**** Supplied data

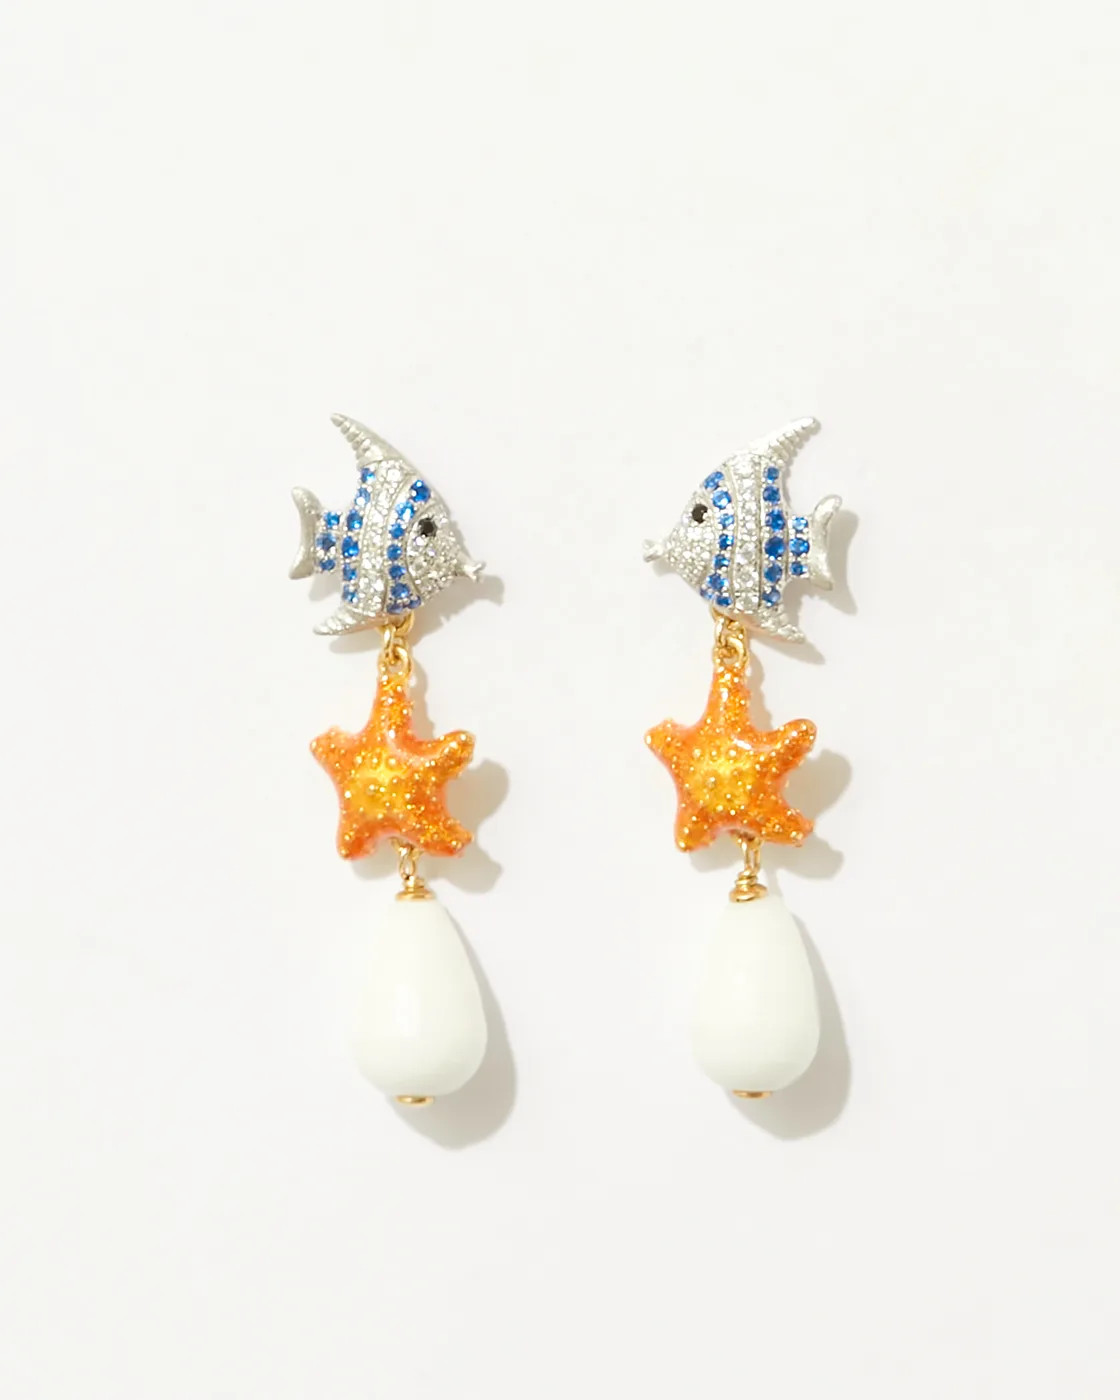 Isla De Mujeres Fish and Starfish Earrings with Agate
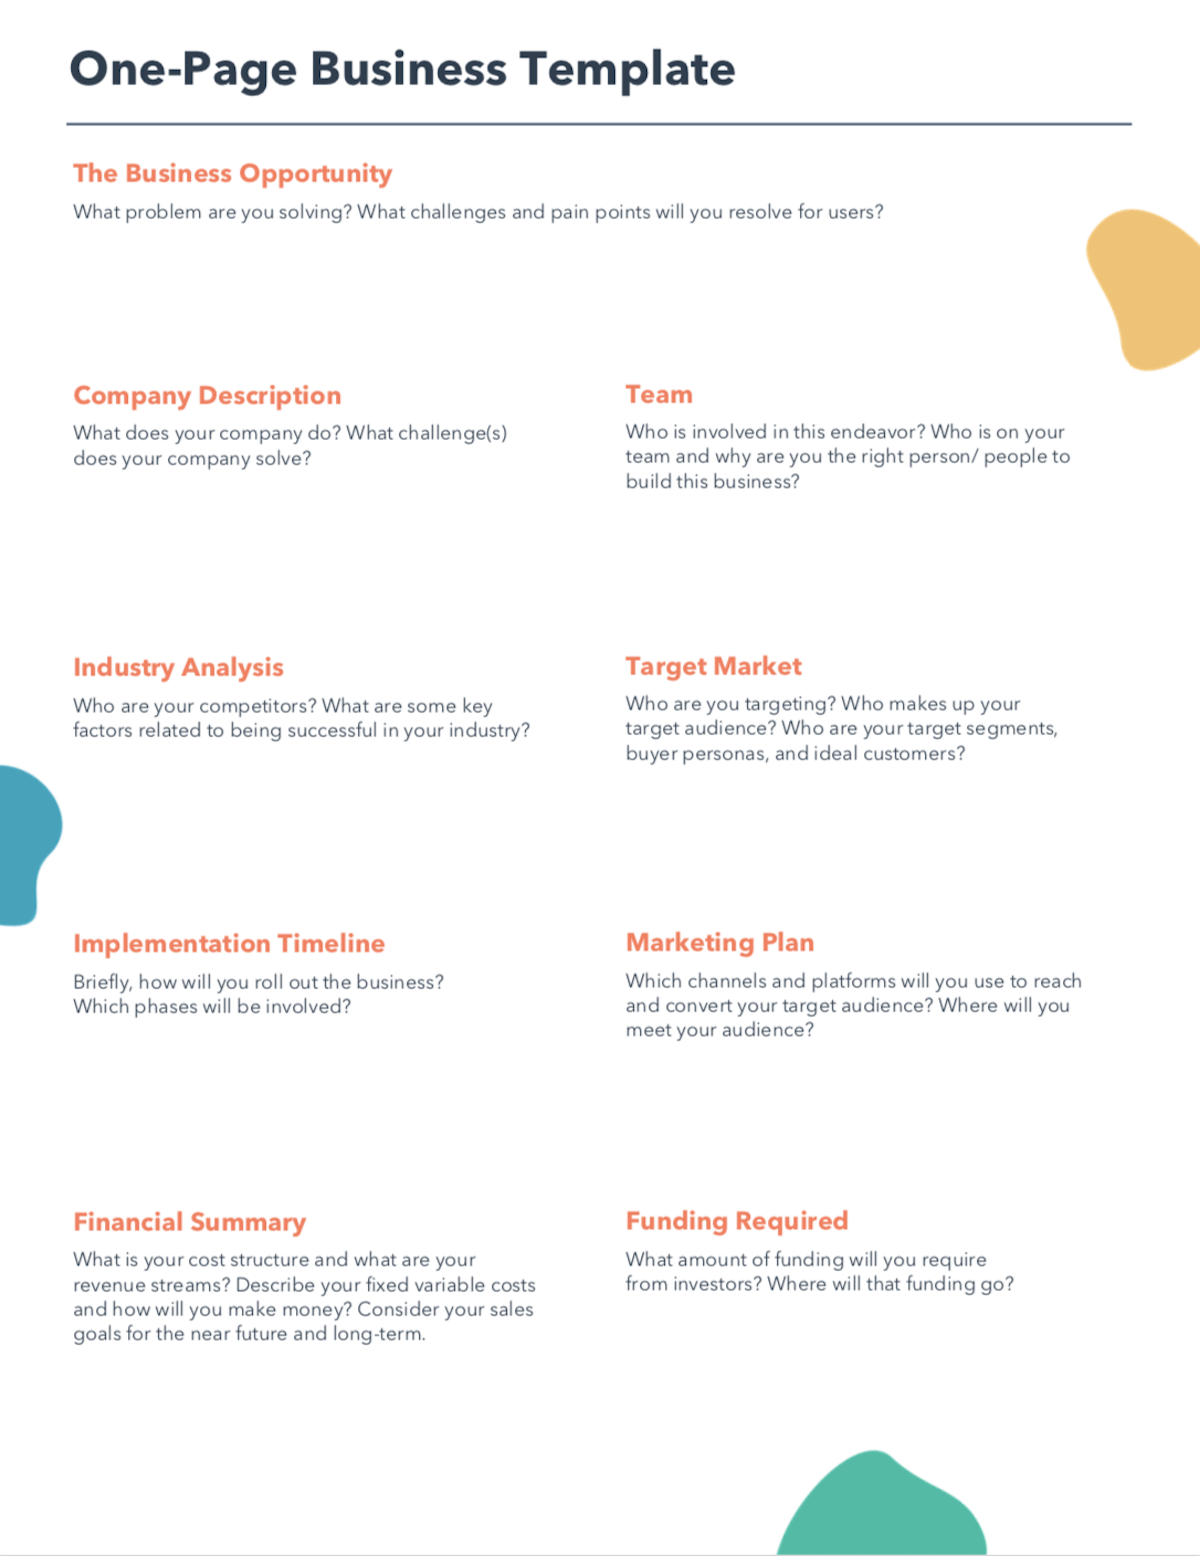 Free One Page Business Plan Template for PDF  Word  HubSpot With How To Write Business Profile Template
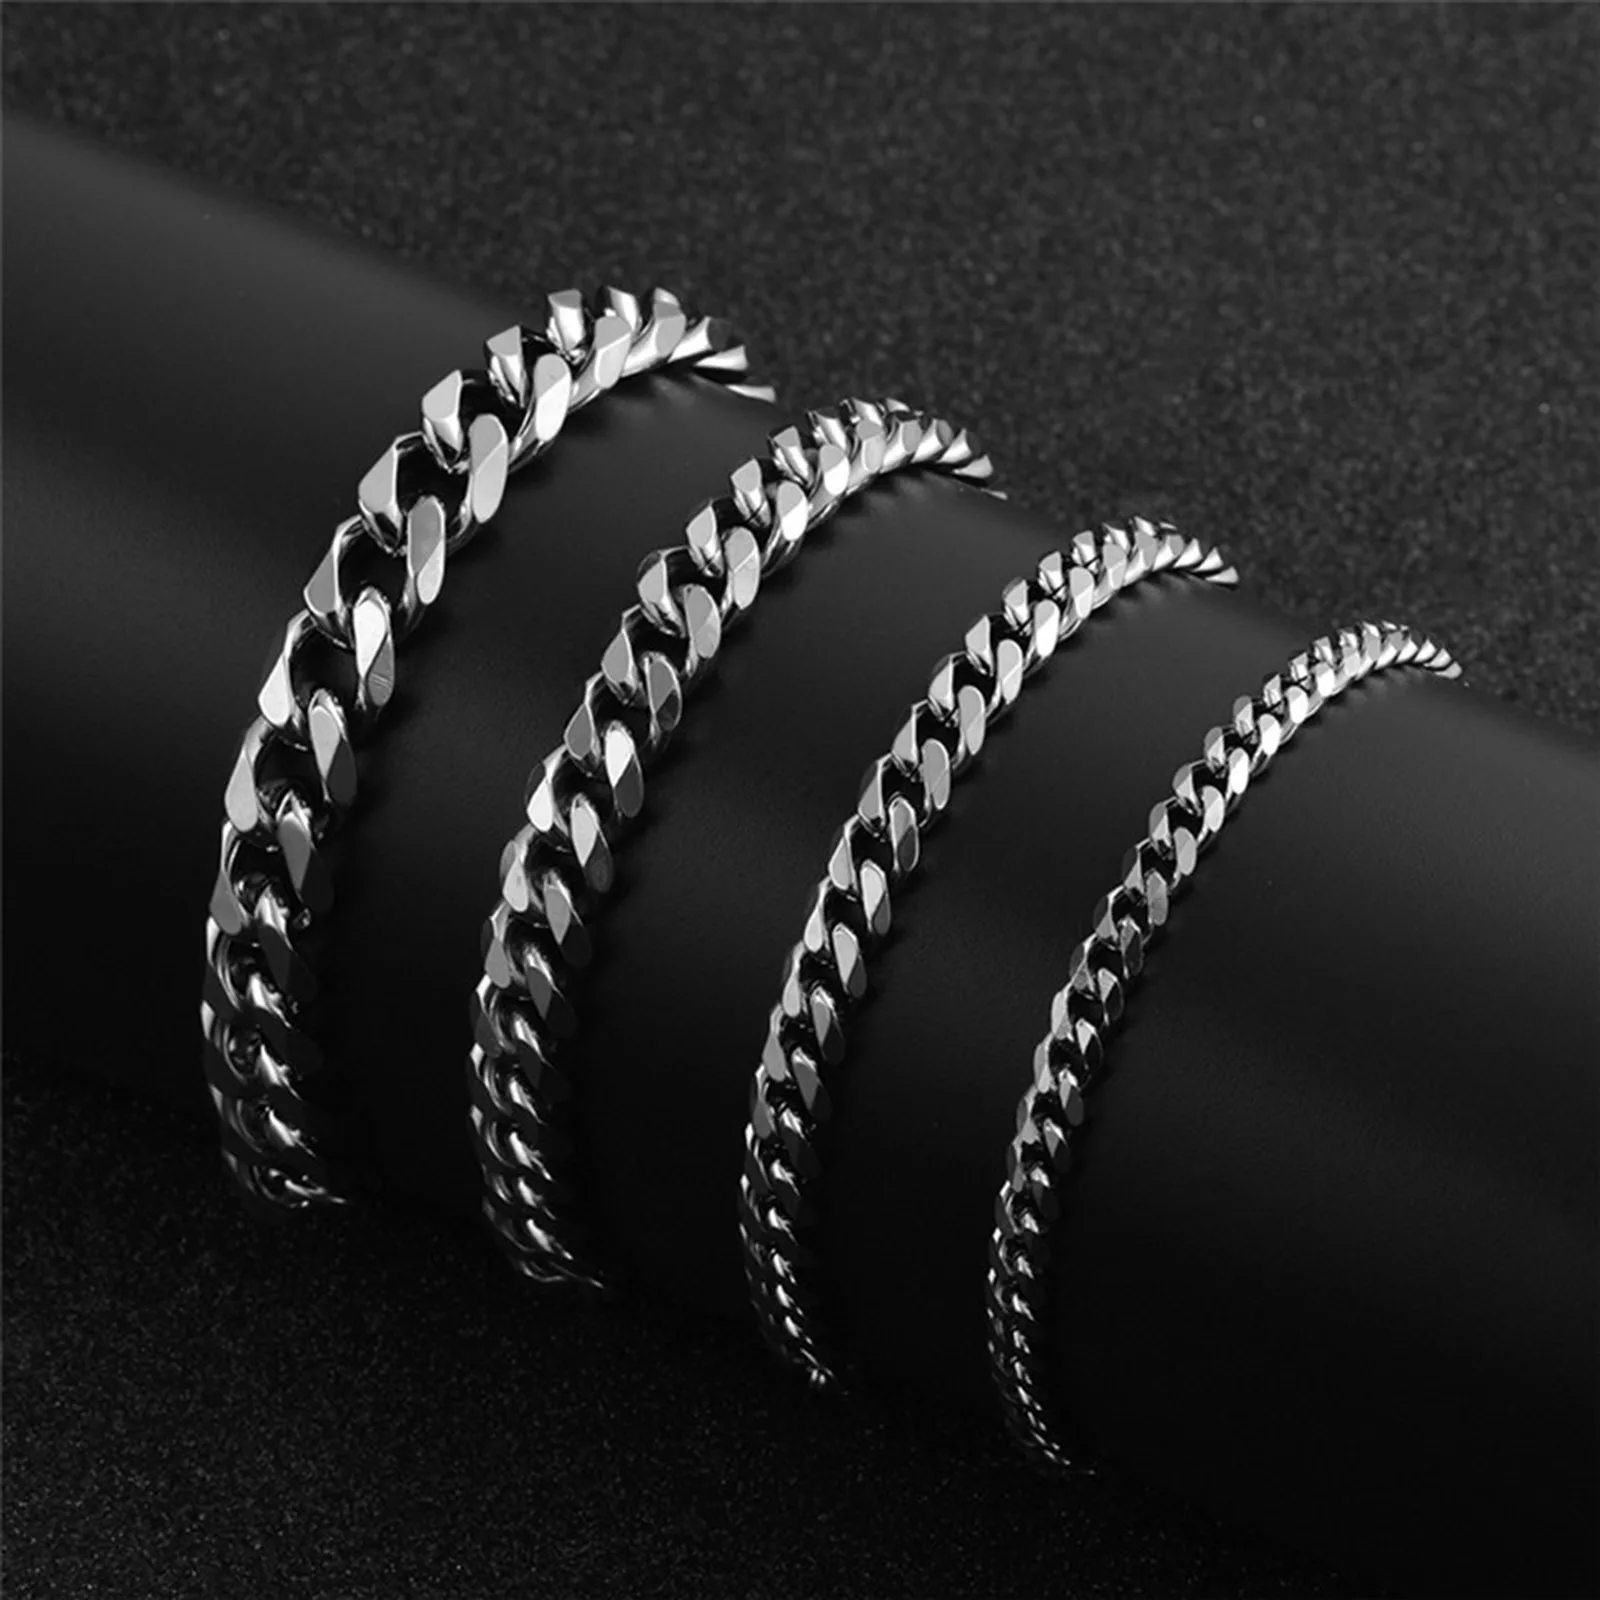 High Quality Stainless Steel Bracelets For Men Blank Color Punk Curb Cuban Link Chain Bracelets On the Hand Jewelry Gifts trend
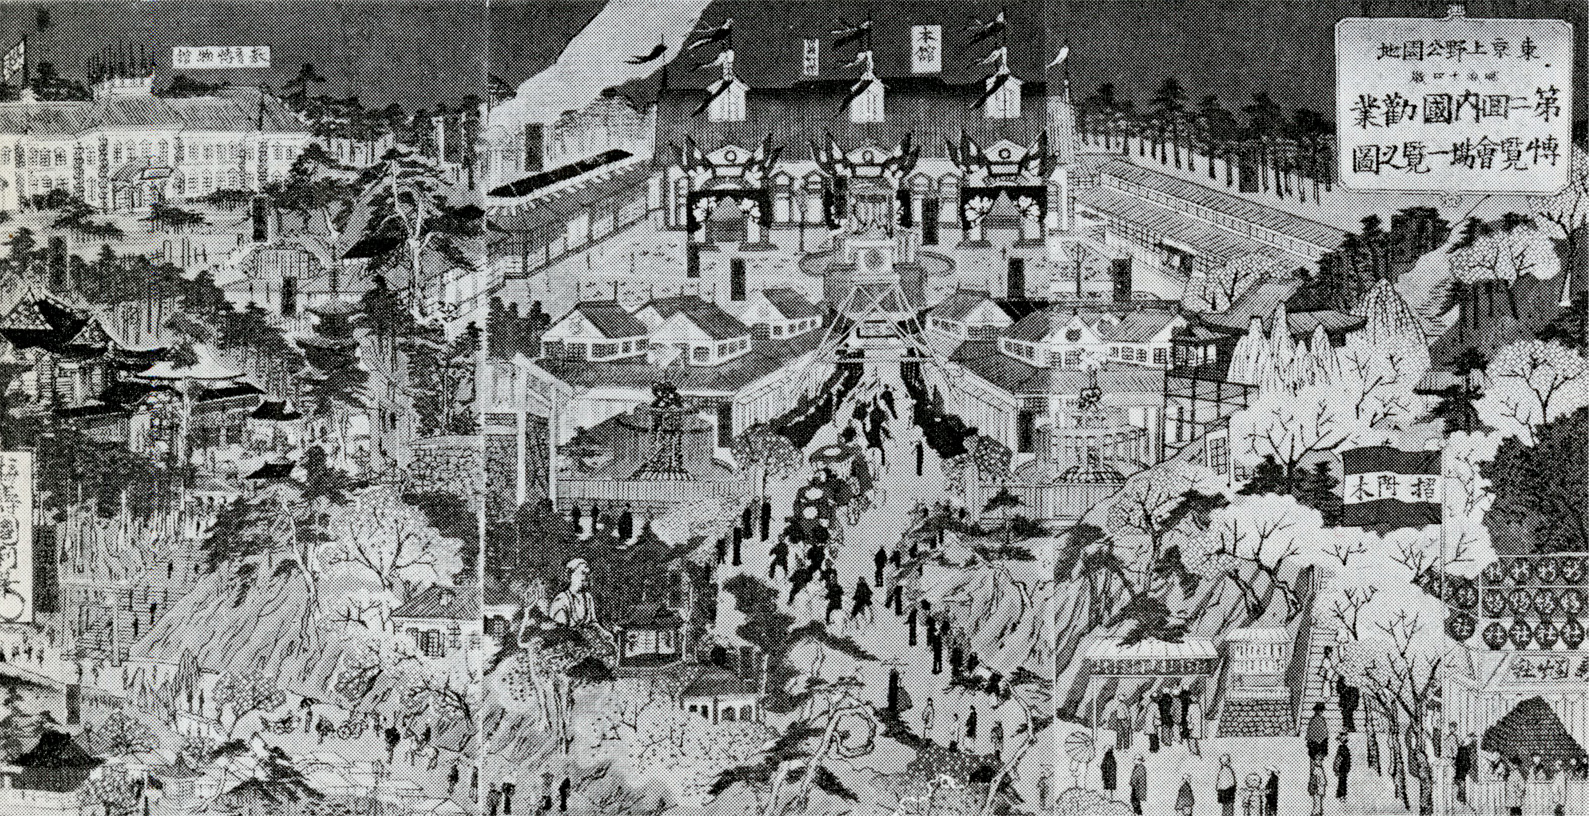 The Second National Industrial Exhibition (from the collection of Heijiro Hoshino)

********

What you have to do
The copy must start at the line containing "High Quality Stainless" and stop at the last line of the listing, both included, with every line exact and no pictures.

Exercise output
 High Quality Stainless Steel Bracelets For Men Blank Color Punk Curb Cuban Link Chain Bracelets On the Hand Jewelry Gifts trend
 The Second National Industrial Exhibition (from the collection of Heijiro Hoshino)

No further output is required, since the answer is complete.